Now that we have counted all births per year/month/day, we will try to identify the most represented days of births.
Let's create a function that identifies the extremum of each dictionary.

In [30]:
def extremum(dictionary):
    maxi = max(dictionary, key=dictionary.get)
    mini = min(dictionary, key=dictionary.get)
    return "Minimum ="+ str(mini) + " Maximum = " + str(maxi)

In [31]:
extremum(cdc_year_births)

'Minimum =1997 Maximum = 2003'

In [32]:
extremum(cdc_month_births)

'Minimum =2 Maximum = 8'

In [33]:
extremum(cdc_dom_births)

'Minimum =31 Maximum = 18'

In [34]:
extremum(cdc_dow_births)

'Minimum =7 Maximum = 2'

## 4 . What have we learned about US births with this quick and easy study?

The year when the total number of births was minimum is 1997 and 2003 is the highest. By looking deeper into the data, we can notice that the total number of births is increasing since 1994. 

The day of the months with the least births is 31, which makes sense as it doesn't occur every month. Except the 31, all the other days are slightly equal, thus 18 being the most represented can be a random effect.

August is the month with the maximum of births, which can be explained by the winter's baby boom, described [here](https://www.independent.co.uk/life-style/health-and-families/babies-conceive-christmas-why-most-parents-couples-conception-a8103201.html).
February is the months with the fewer births, that can be explained because doctors suggest not to conceive babies in June due to the pesticide activities, see explanations on "toxic June" [here](https://www.telegraph.co.uk/news/science/science-news/11948522/Avoid-toxic-June-when-trying-to-conceive-say-scientists.html)

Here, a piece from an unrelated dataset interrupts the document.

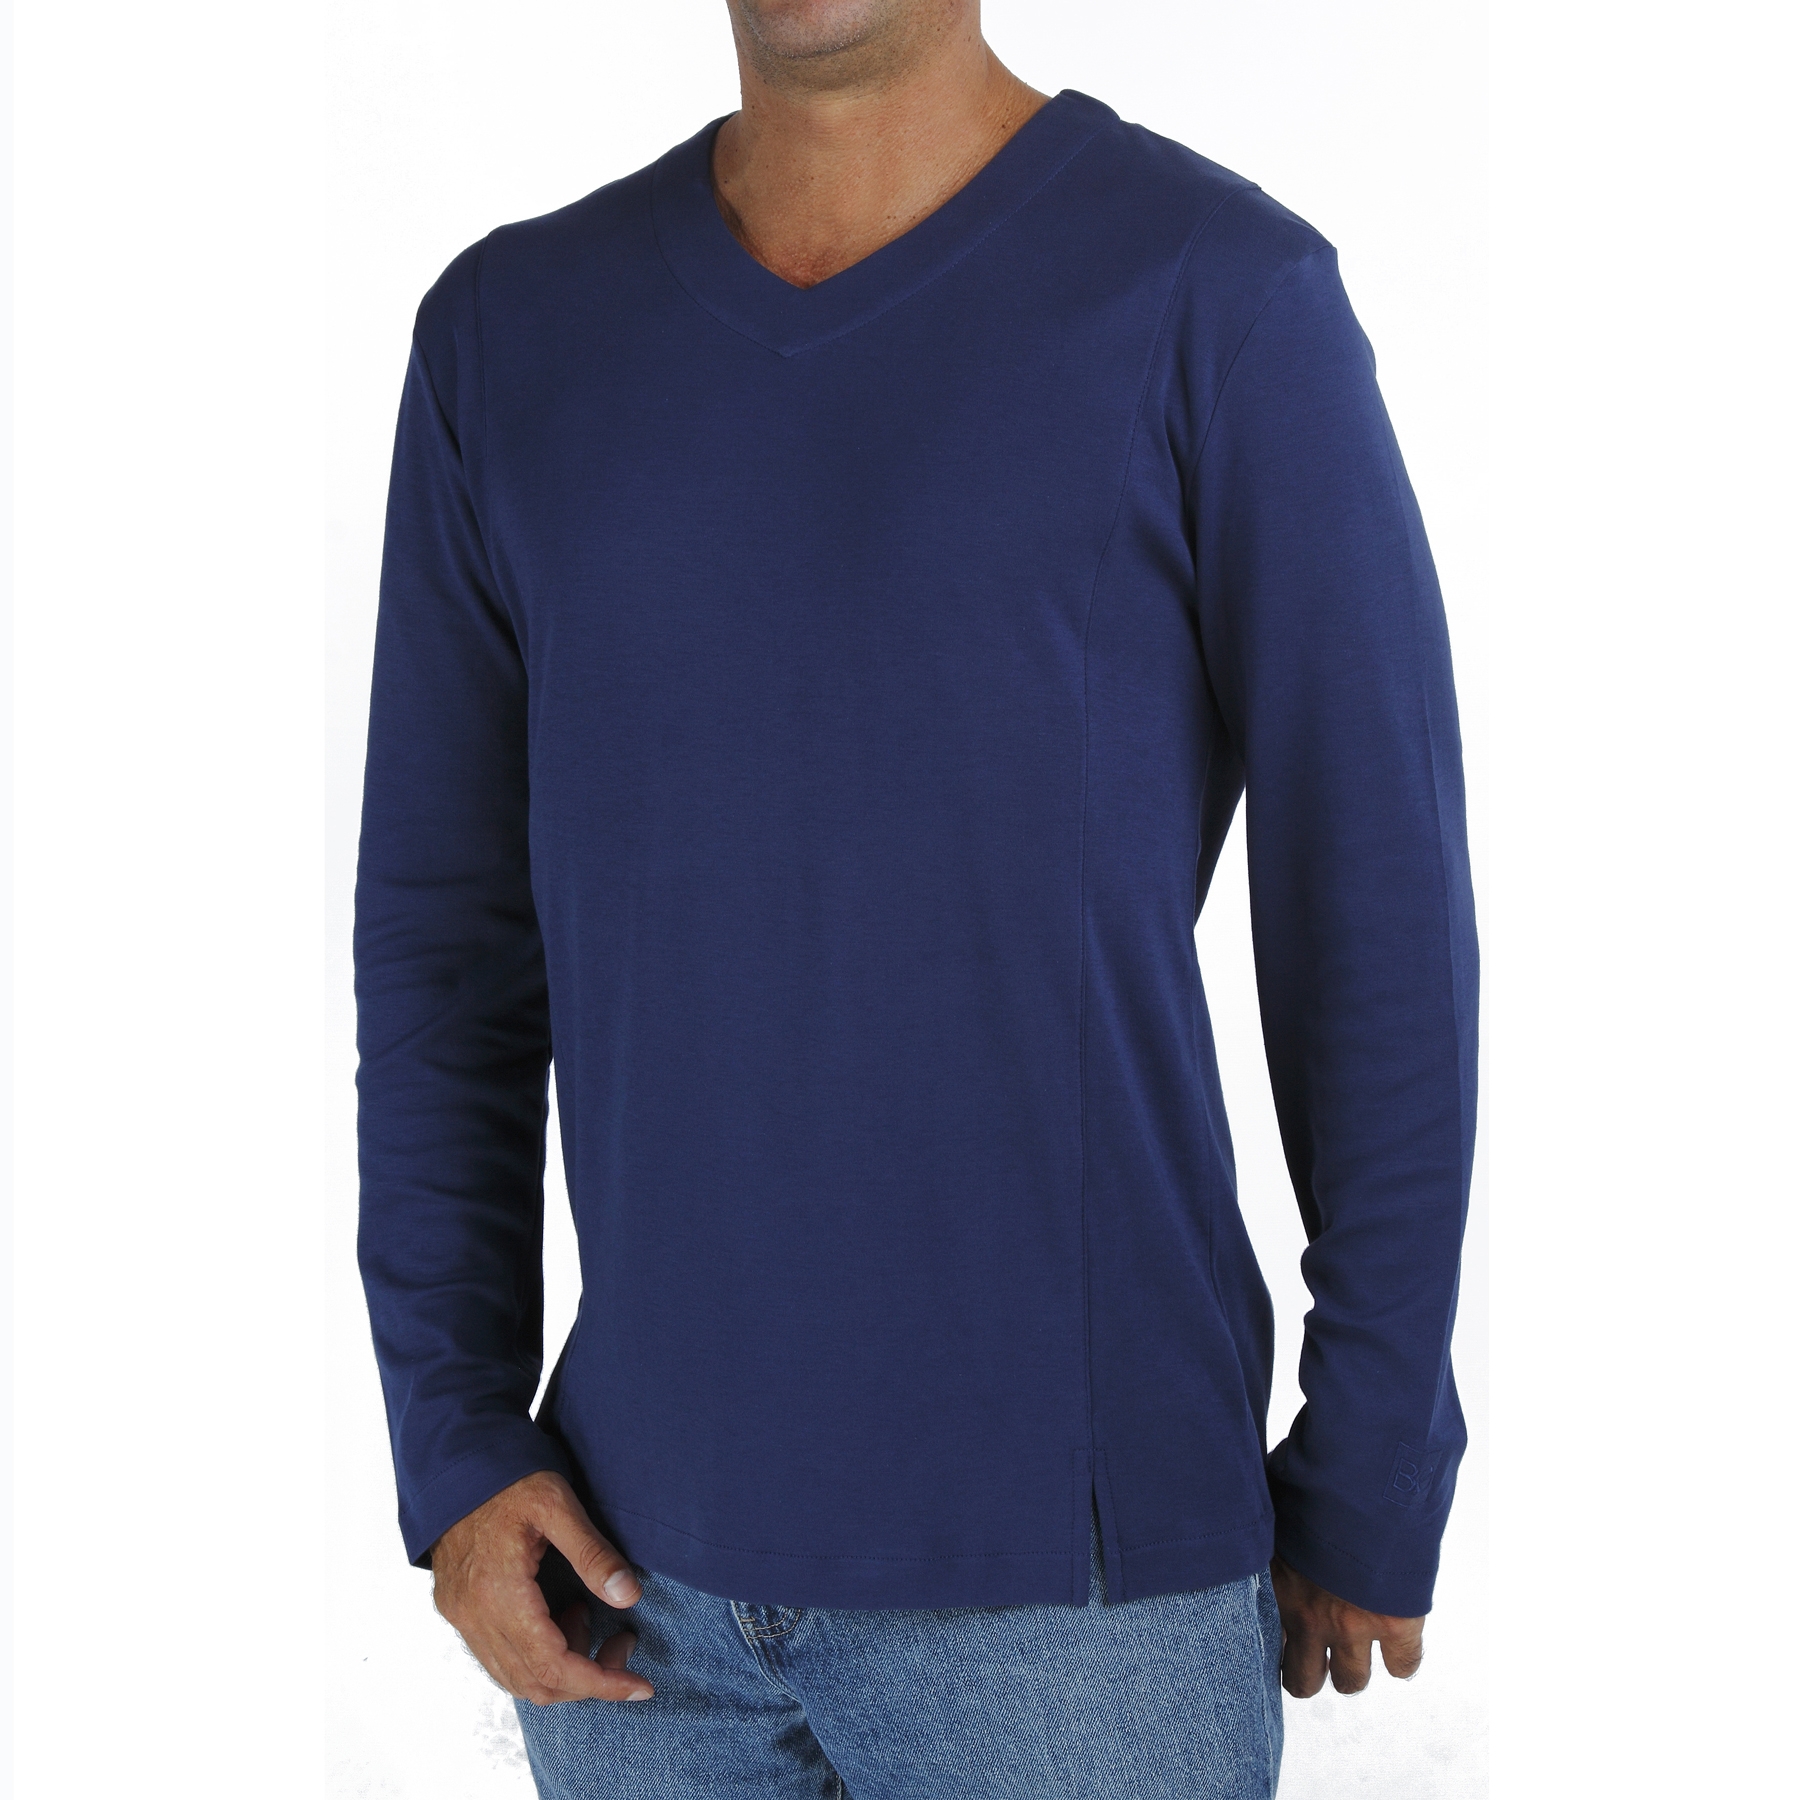 Long Sleeve V neck tshirt men organic pima cotton slowfashion quality blue
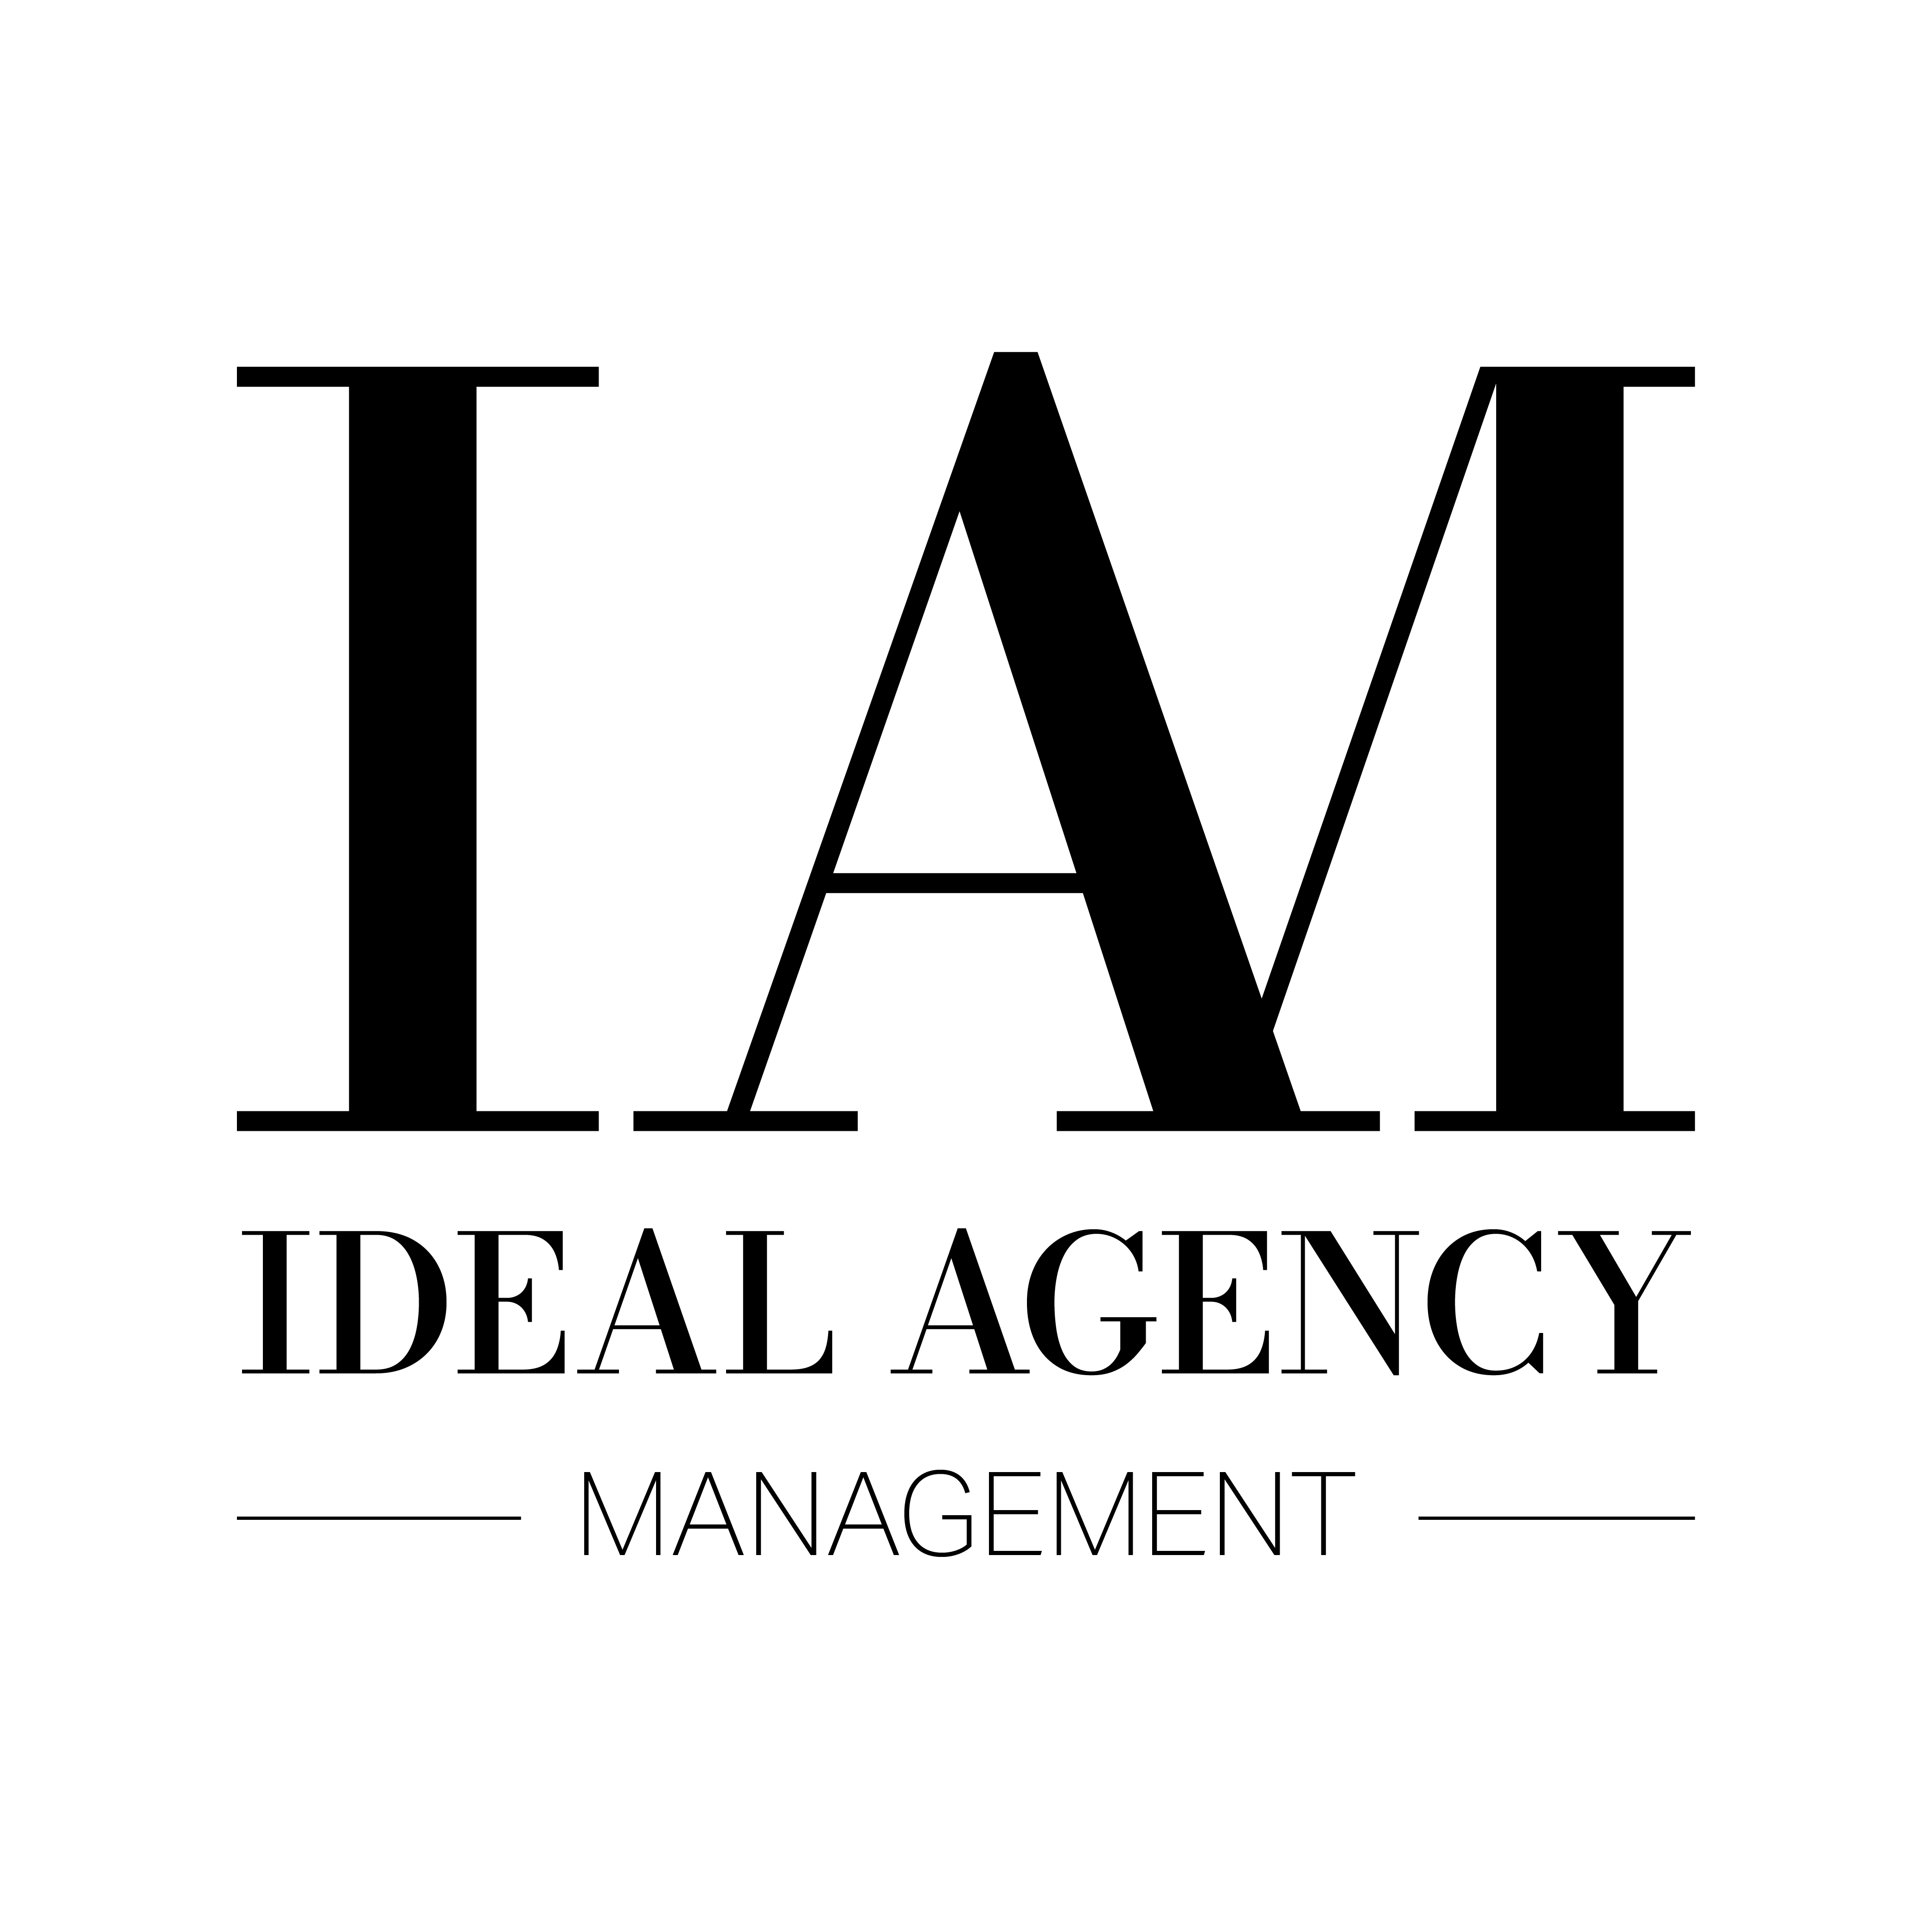 Ideal Agency Management - Mediaslide

Finally, the day which is the least represented is Sunday. It is the day with the least employees working in hospitals, then babies born unnaturally (by cesarean section) are not planned on these days, except emergencies. We can notice the same effect on Saturday, even if it's a less significant than Sundays.